Well, we know that some of the culinary herbs can also make dramatic statements in purely ornamental settings. Korean angelica (Angelica gigas), for example, with its dark purple flowers and tall red stems is a great centerpiece plant for the perennial border. (It's also good at attracting lacewings, lady beetles, and parasitic wasps.) Dill, with its thread-like, blue-green foliage and lacy, aromatic, deep-yellow umbels, can look good planted almost anywhere in the yard.

In her book, Great Garden Companions (see box), Cornell Cooperative Extension specialist Sally Jean Cunningham recommends the summer-blooming, umbelliferous sea hollies (Eryngium species) as striking plants for the front of a perennial cluster. Not only do they have, according to Sally, attractive "leathery, blue-gray, spiny foliage" and "silvery blue flower heads with dome-shaped centers and silvery leaf-like bracts," but they also are good at attracting parasitic wasps.

As yet there just isn't much data in on how well the more decorative members of the Carrot Family perform as insectary plants. "The science of which plants attract or maintain which insects, at which time of year, in which climate zones is at an elementary stage," says Sally.

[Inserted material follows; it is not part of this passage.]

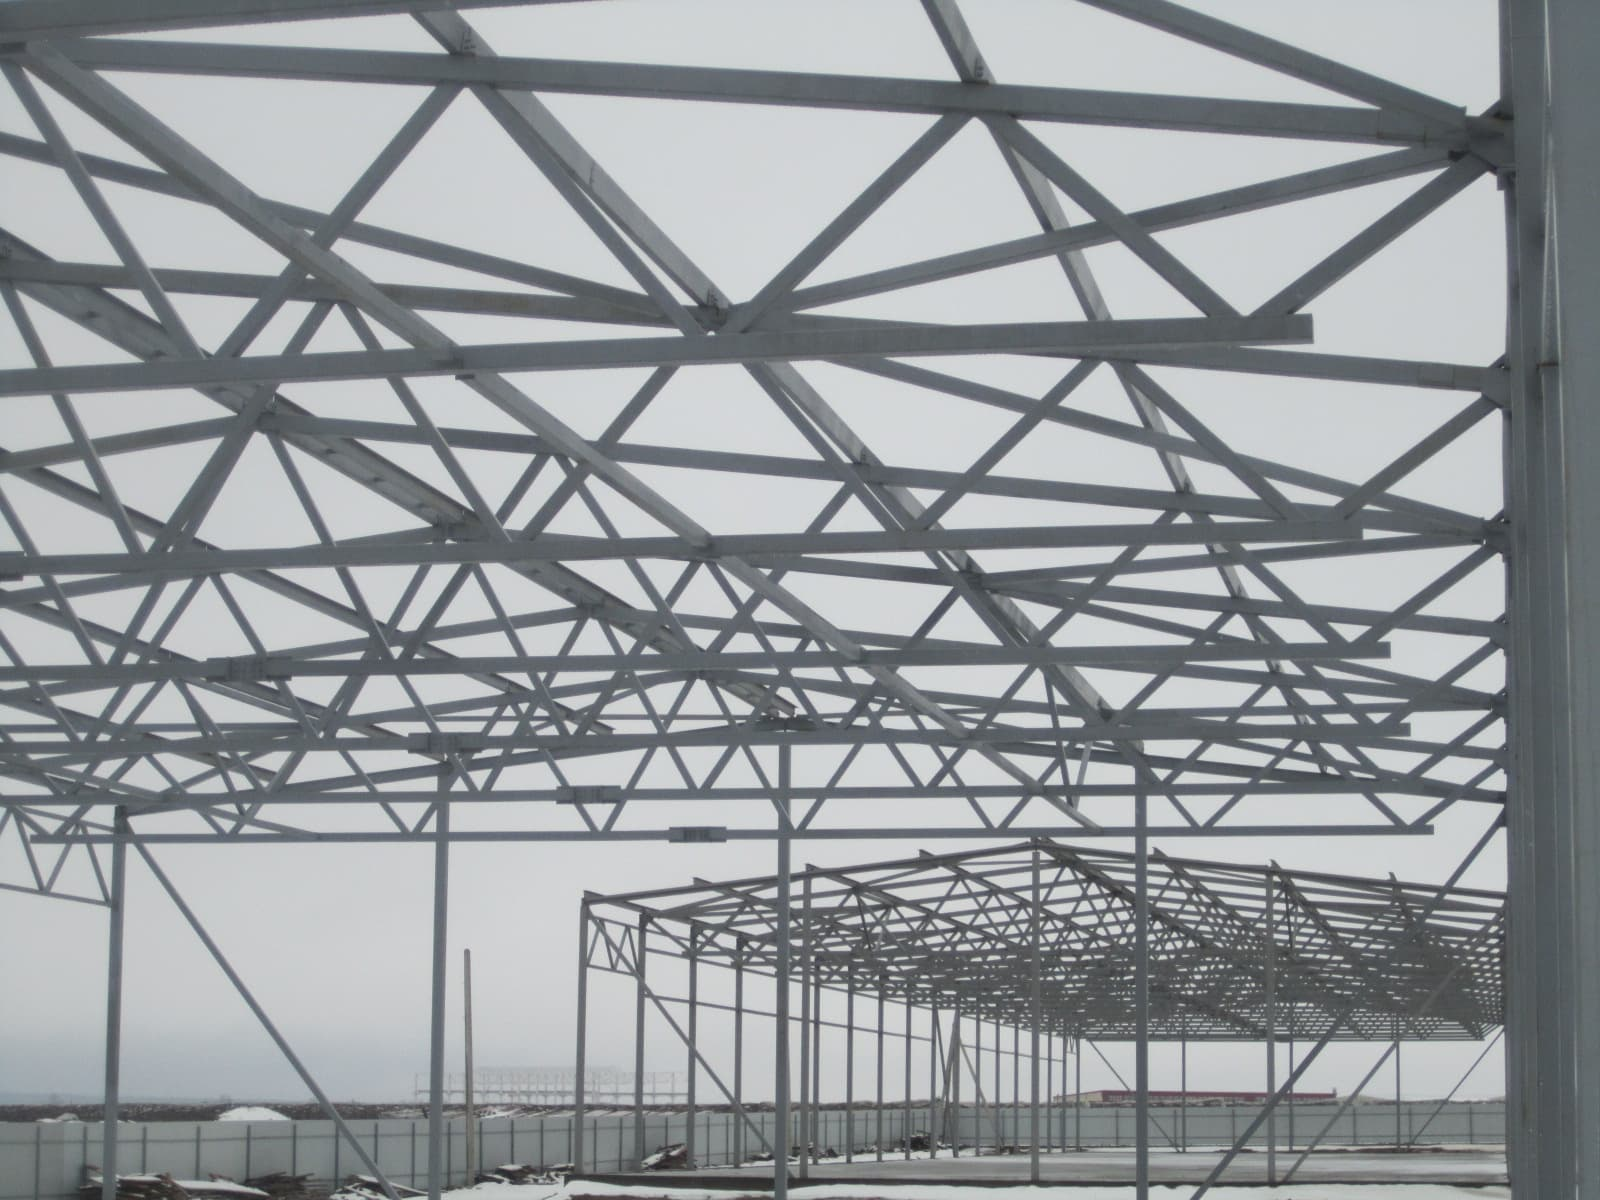 Завод металлоконструкций ЗМК «Северо-Запад»
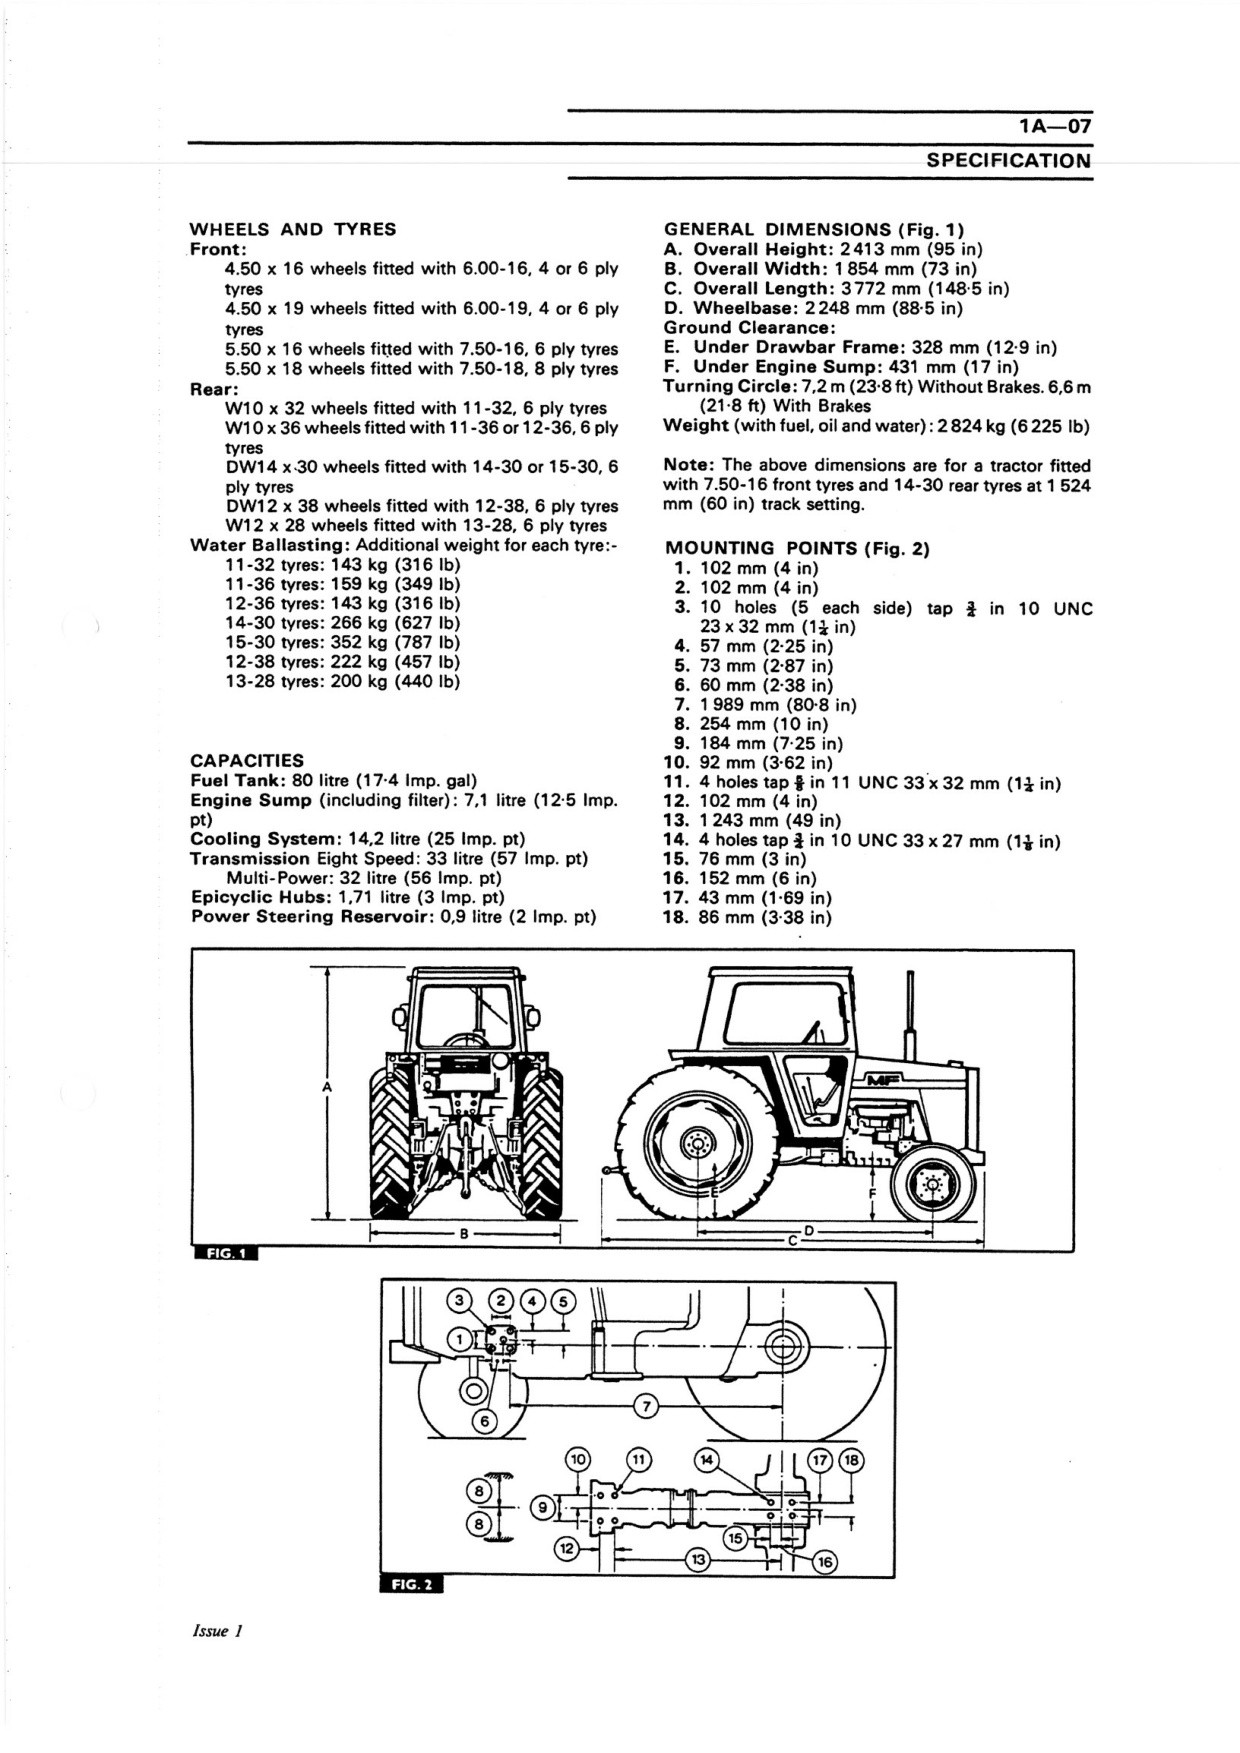 ... factory service and repair manual Array - manual 153210g2 rh manual  153210g2 vwhost org

So this is a good opportunity for gardeners to get in on the action and study such traditionally planted ornamental genera as Astrantia (masterwort), Myrrhis (sweet Cicely), Aciphylla (speargrass), and Bupleurum (thorow-wax) for signs of beneficial insect activity. But you don't need to stop there. The ornamental palette of the Carrot Family is broadening steadily.

In the April 2001 issue of Horticulture magazine, plantsman Daniel J. Hinkley wrote about some of his favorite lesser-known umbellifers. He recommended the spring-blooming Chaerophyllum hirsutum 'Roseum' for its "low spreading mounds of handsome, deeply dissected foliage" and its "lacy heads of rose-colored flowers." He also gave special mention to Pimpinella major 'Rosea' (greater burnet), whose sturdy, 3-foot stems produce "lovely discs of light pink" from July to August.

I asked Dan if he had noticed any high insect activity on the specialty umbellifers that he grows at Heronswood Nursery. He couldn't say for sure, but his interest was definitely piqued. "You know, come to think of it, there's always a swarm of wasps flying around our angelicas."


Niall Dunne is the editor of Plants & Gardens News.